The Silver Throne (Silvertronen or Drottning Kristinas silvertron) is a throne which has been used by the Swedish monarch at coronations, accessions to the throne and the State Opening of Parliament. The Silver Throne is located in the Hall of State at Stockholm Palace.

The Silver Throne was made for Queen Christina's coronation in 1650. Crafted by Abraham Drentwett in Augsburg, Bavaria, it was a gift from Count Magnus Gabriel De la Gardie. Since coronations stopped being practiced the throne has been used for state openings of parliament (until 1975) and enthronement ceremonies (last for Carl XVI Gustaf in 1973). It was last used in 1974 for the State Opening of Parliament.

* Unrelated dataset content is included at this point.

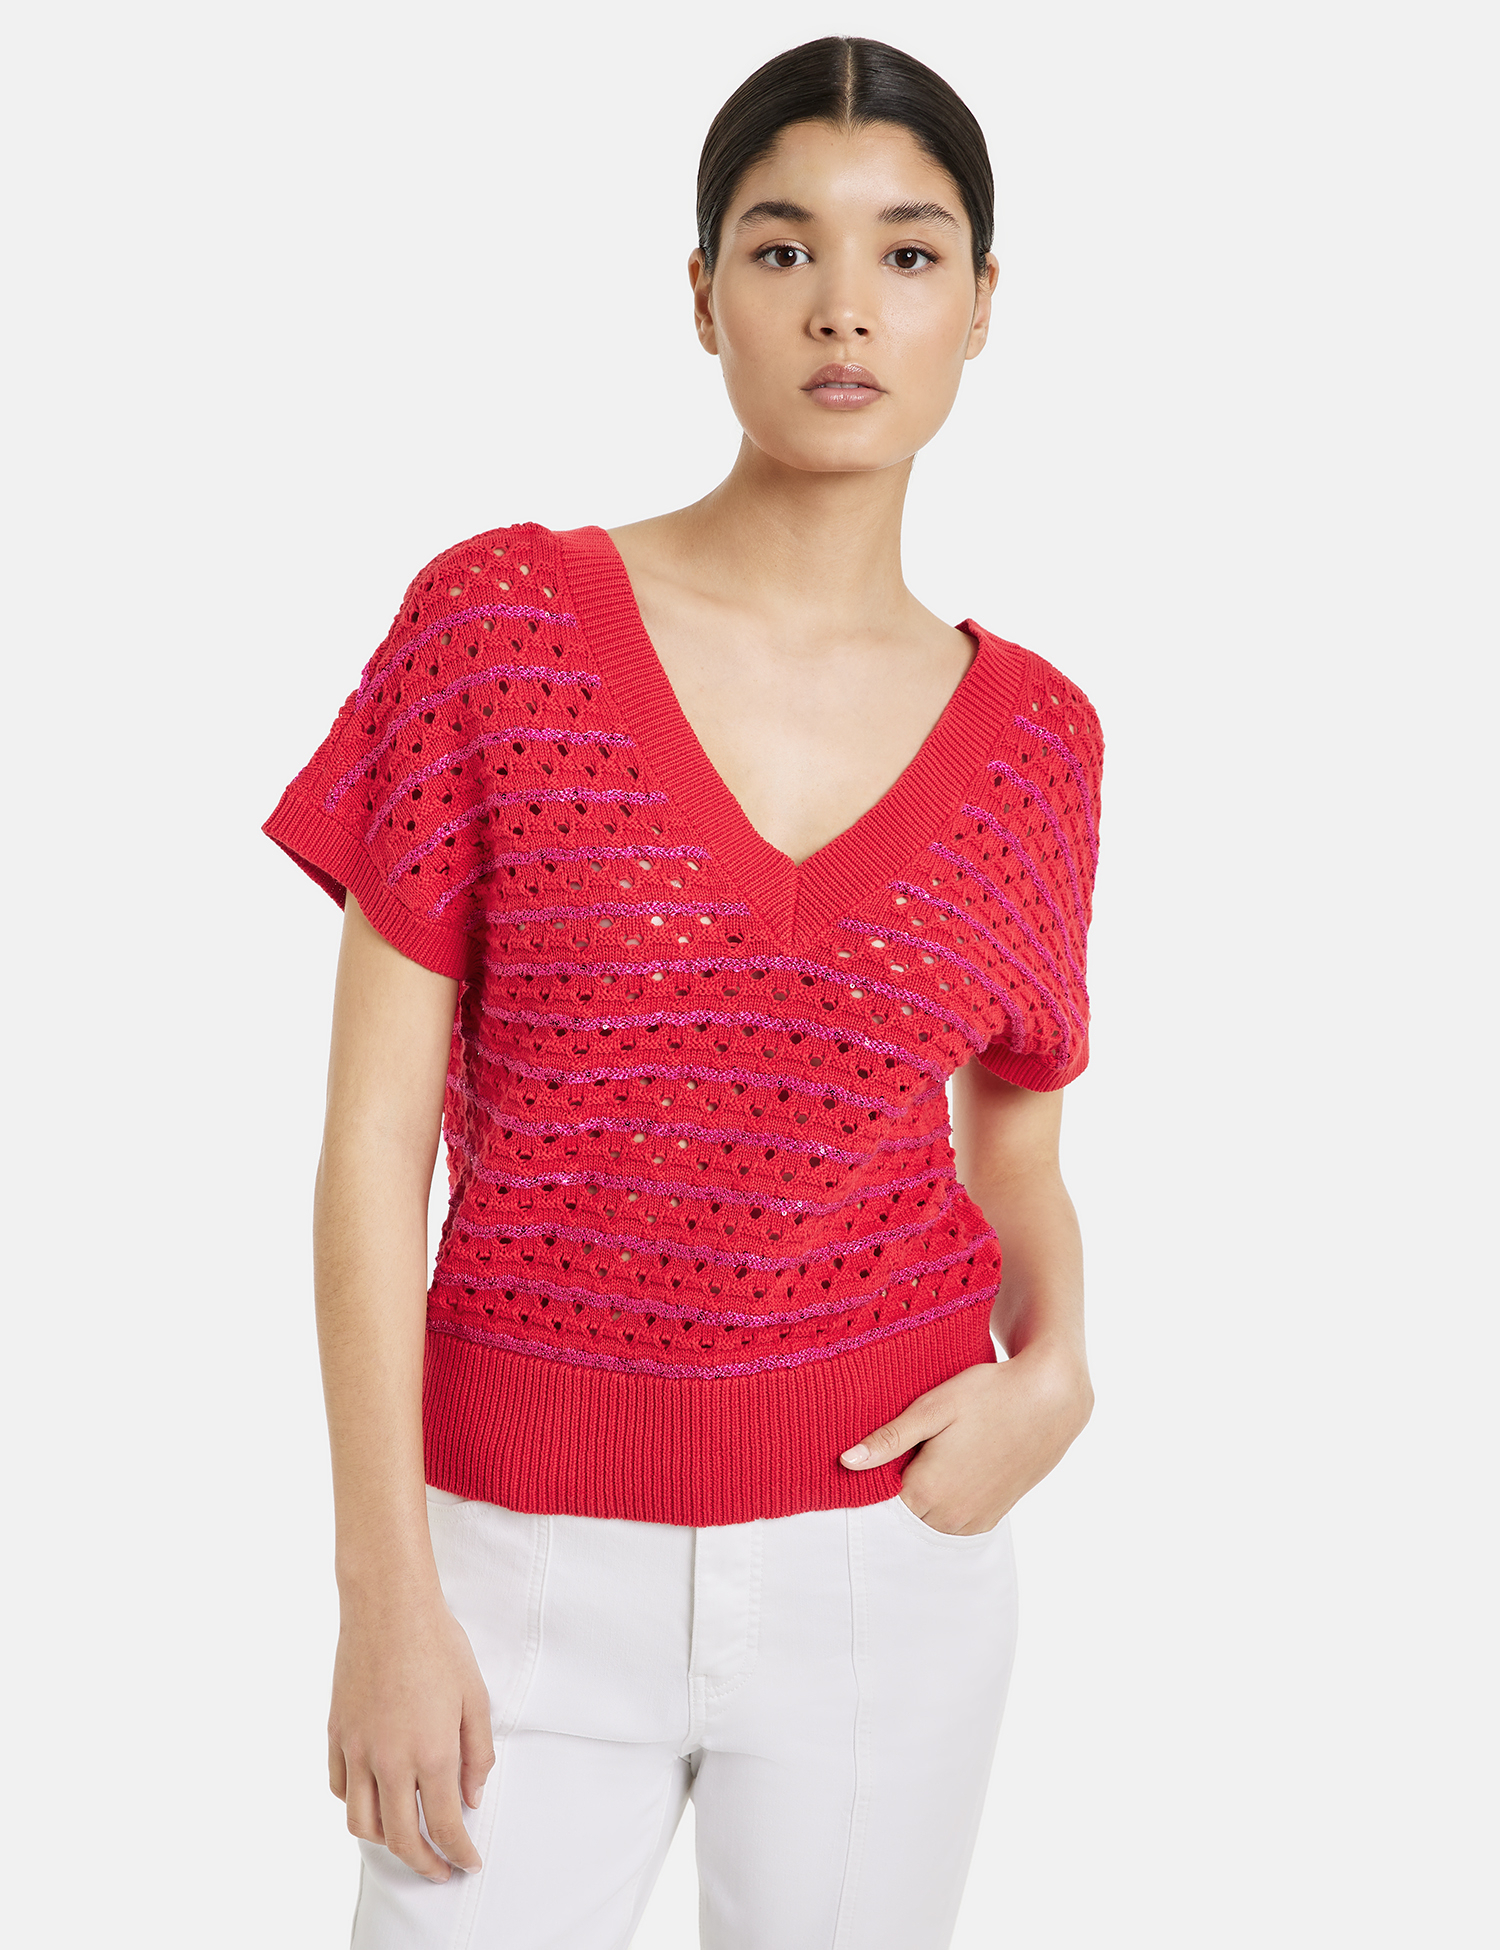 Свитер TAIFUN Strick, Shirt, Top, Body, цвет Digital Red geringelt фотографии

The throne took a prominent role in 2023 for a formal portrait of King Carl XVI Gustaf to mark his Golden Jubilee.

On 14 September 2024, a woman was arrested after walking past the cordons around the throne and sitting on it. The woman was arrested on suspicion of vandalism and violation of Sweden’s Protection Act. Initially, there were media reports that the throne had been damaged in the incident, but this was later denied by the Swedish Royal Court.

==Trivia==
A replica of the throne was made for the Greta Garbo film Queen Christina in 1933, and then also used in the 1989 Batman film as the throne of the Joker.